At this stage, two directions emerged:

Open interface between layers, which needed to be standardized in the IETF, and interfaces for working with packages at the Linux kernel level. The ForCES working group put forward proposals for the interface, an important part of which was the proposal to use an API to set rules for traffic in the data layer. By this logic, it would be possible to completely remove the control layer from the router. It didn't work out. Continued to use BGP, a standard control layer protocol, to set rules on legacy routers.

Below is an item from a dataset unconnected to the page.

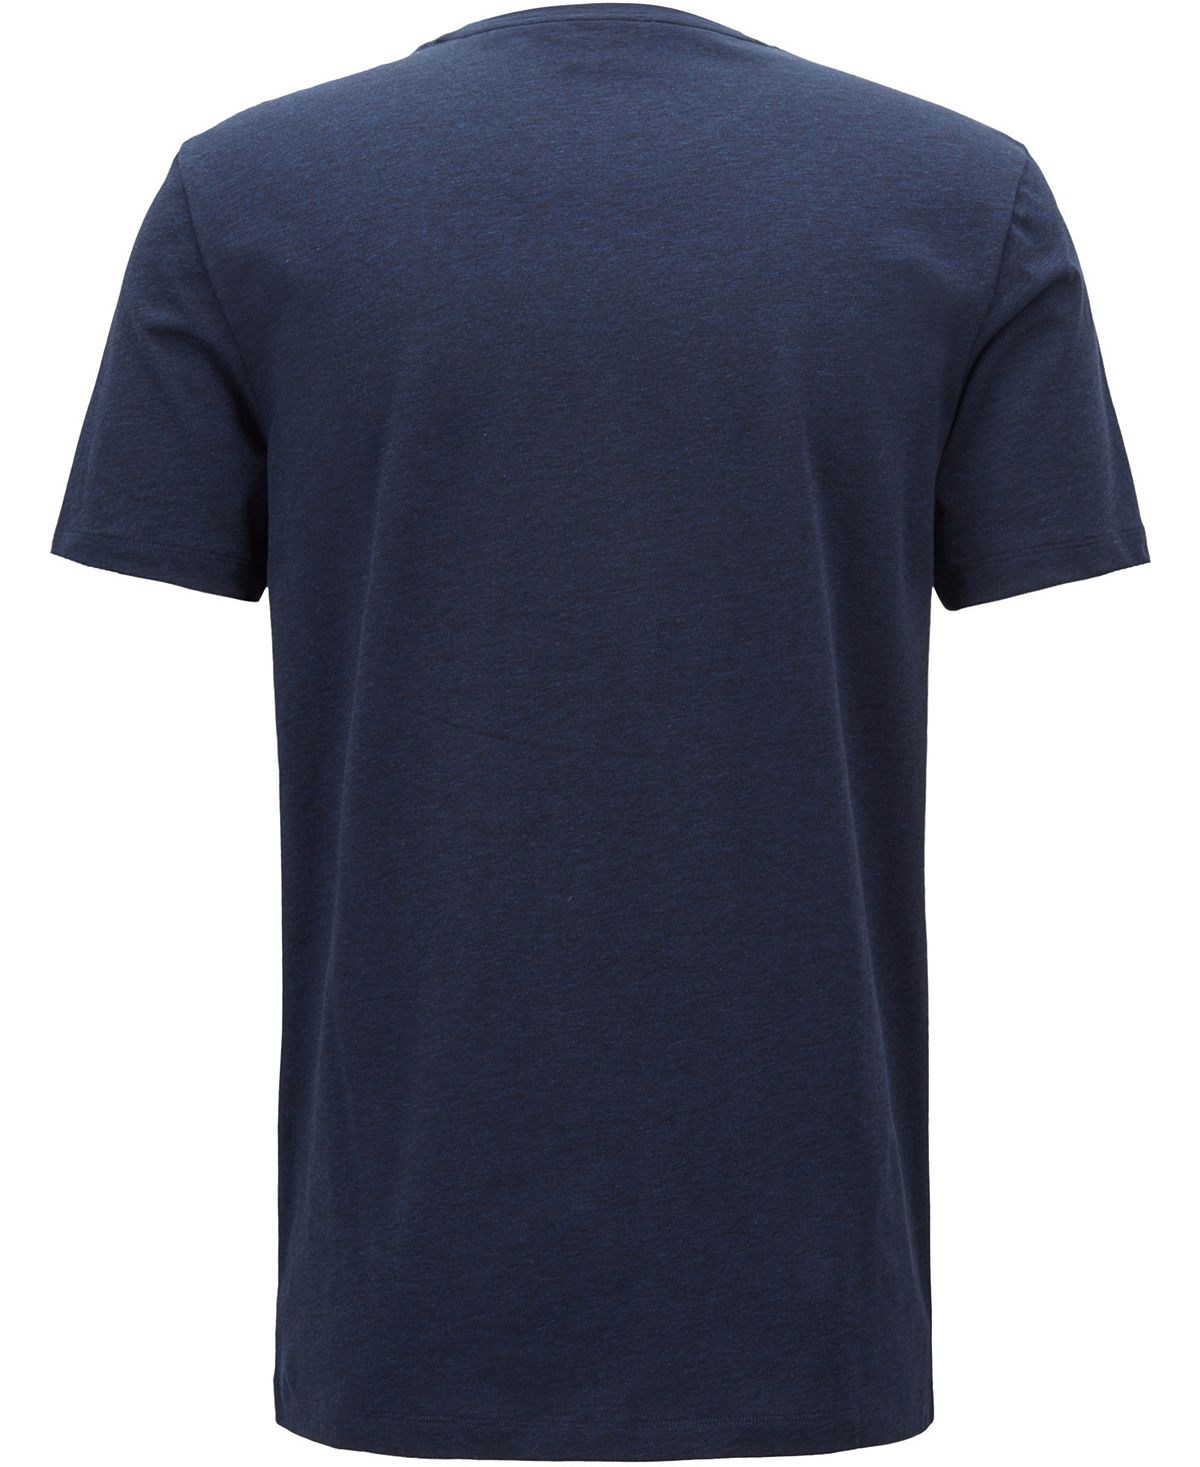 Hugo Boss Boss Slim-fit Graphic Cotton T-shirt Dark Navy

Platform architecture and state management. Centralization of controllers did not help solve the problem of distributed state management, replication and failover. And if there might not have been any special problems with replicas that would justify special measures (replicas would eventually process the same routes), then scaling was a little more difficult, especially in the case of SDN controllers.

The reduction in cost of computing resources meant that one simple server could store and execute all the routing logic necessary for a large network. Additional advantages immediately emerged: making backups became much easier.

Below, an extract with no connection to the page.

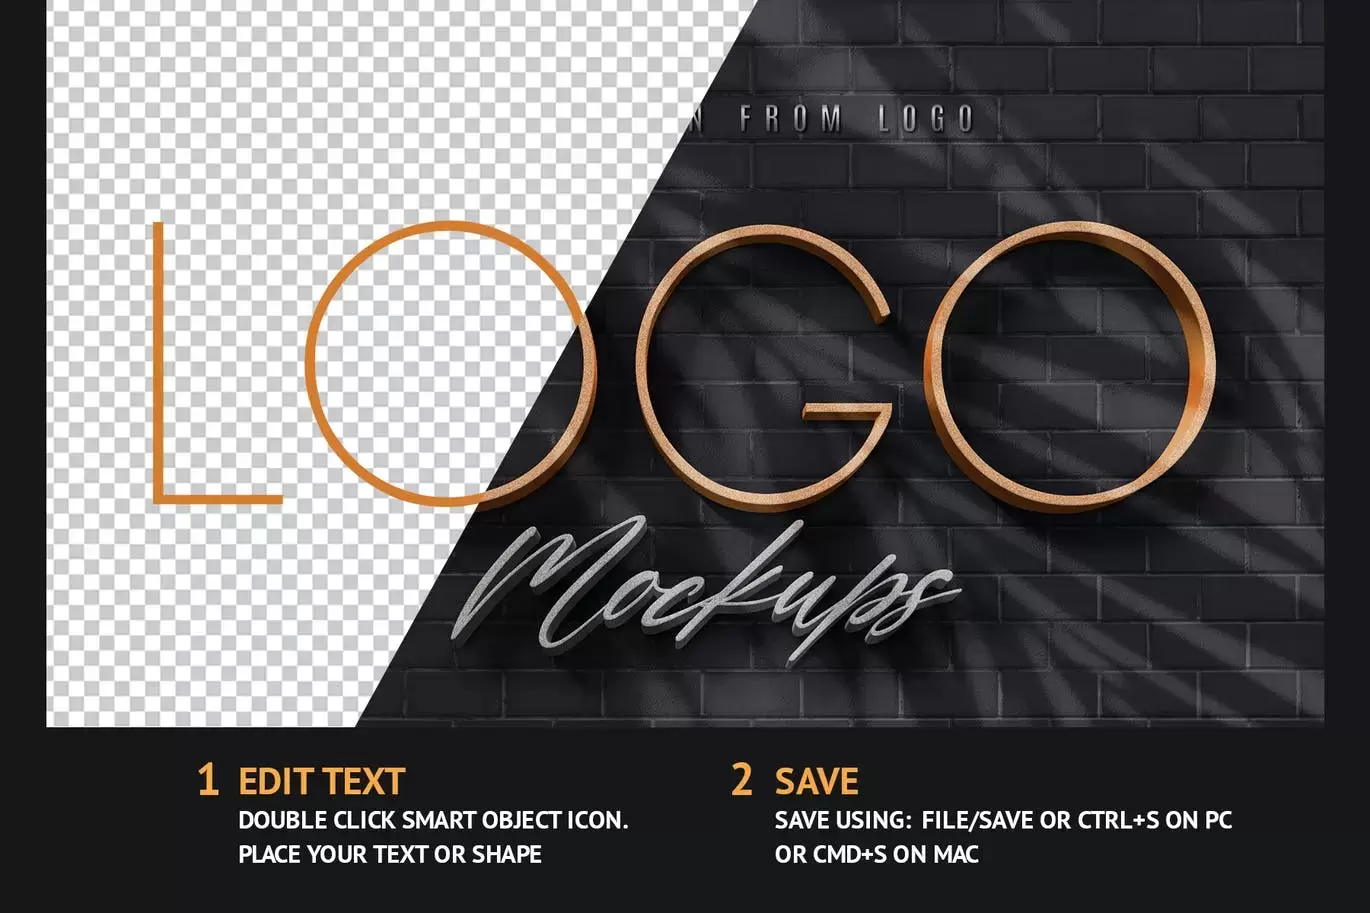 高品质的3D立体logo墙品牌墙VI设计样机展示模型mockups免费下载插图1

At this stage, there was still a lot of resistance to new ideas, especially at the level of architecture (how a distributed system will behave even within the same perimeter) and regulations (what to do if something breaks). There was also concern that the industry was moving away from the nice model of distributed consensus, where everyone eventually synchronizes their state. In fact, even then the nice model and implementation had flaws: for example, distributed routing protocols used routing techniques such as OSPF Area / BGP Route Reflector.

It was also logical that there would be some resistance from key players. The adoption of standards, especially open ones, meant (and continues to mean today) that new players could enter the market.

The bottom line: this period was not marked by any serious industrial shifts, but it shaped the SDN architecture as it later became. Including due to the emergence of the 4D project, which postulated SDN, consisting of four layers: Data plane (rules-based packet processing), Discovery plane (topology collection and measurement), Dissemination plane (placement of rules for packet processing), Decision plane (logical combination of controllers that implement packet processing). Defining projects appeared: Ethane, SANE. Ethane became the forerunner of OpenFlow - the system design became the first version of the OpenFlow API.

OpenFlow is a network communication protocol used for communication between controllers and switches in SDN architecture. It has traffic control tables, each rule in which indicates a part of the traffic and an action: drop, forward, flood. Packets are tracked separately, and priority is layered on top to separate rules with overlapping logic.

OpenFlow was able to find a balance in answering the logical question from critics about why make fully programmable networks without fully understanding the problems they will solve. OpenFlow expanded the functionality of early hardware without breaking the backward compatibility of what was already there. This limited the flexibility of the project itself, but OpenFlow could be deployed quickly (essentially with a firmware upgrade), which paved the way for SDN. The equipment already supported technologies that were standardized in the OpenFlow protocol, such as flexible access control and flow monitoring.

The first research and real implementations of OpenFlow began on university campuses, but the wave quickly spread to data centers, for which the model in which they could hire developers to write controllers for a large number of the same type of equipment became more profitable than buying and supporting proprietary, closed and difficult to update equipment.

Since SDN began to gain popularity, a number of working groups and consortia such as the Open Networking Foundation and the Open Daylight Initiative have formed.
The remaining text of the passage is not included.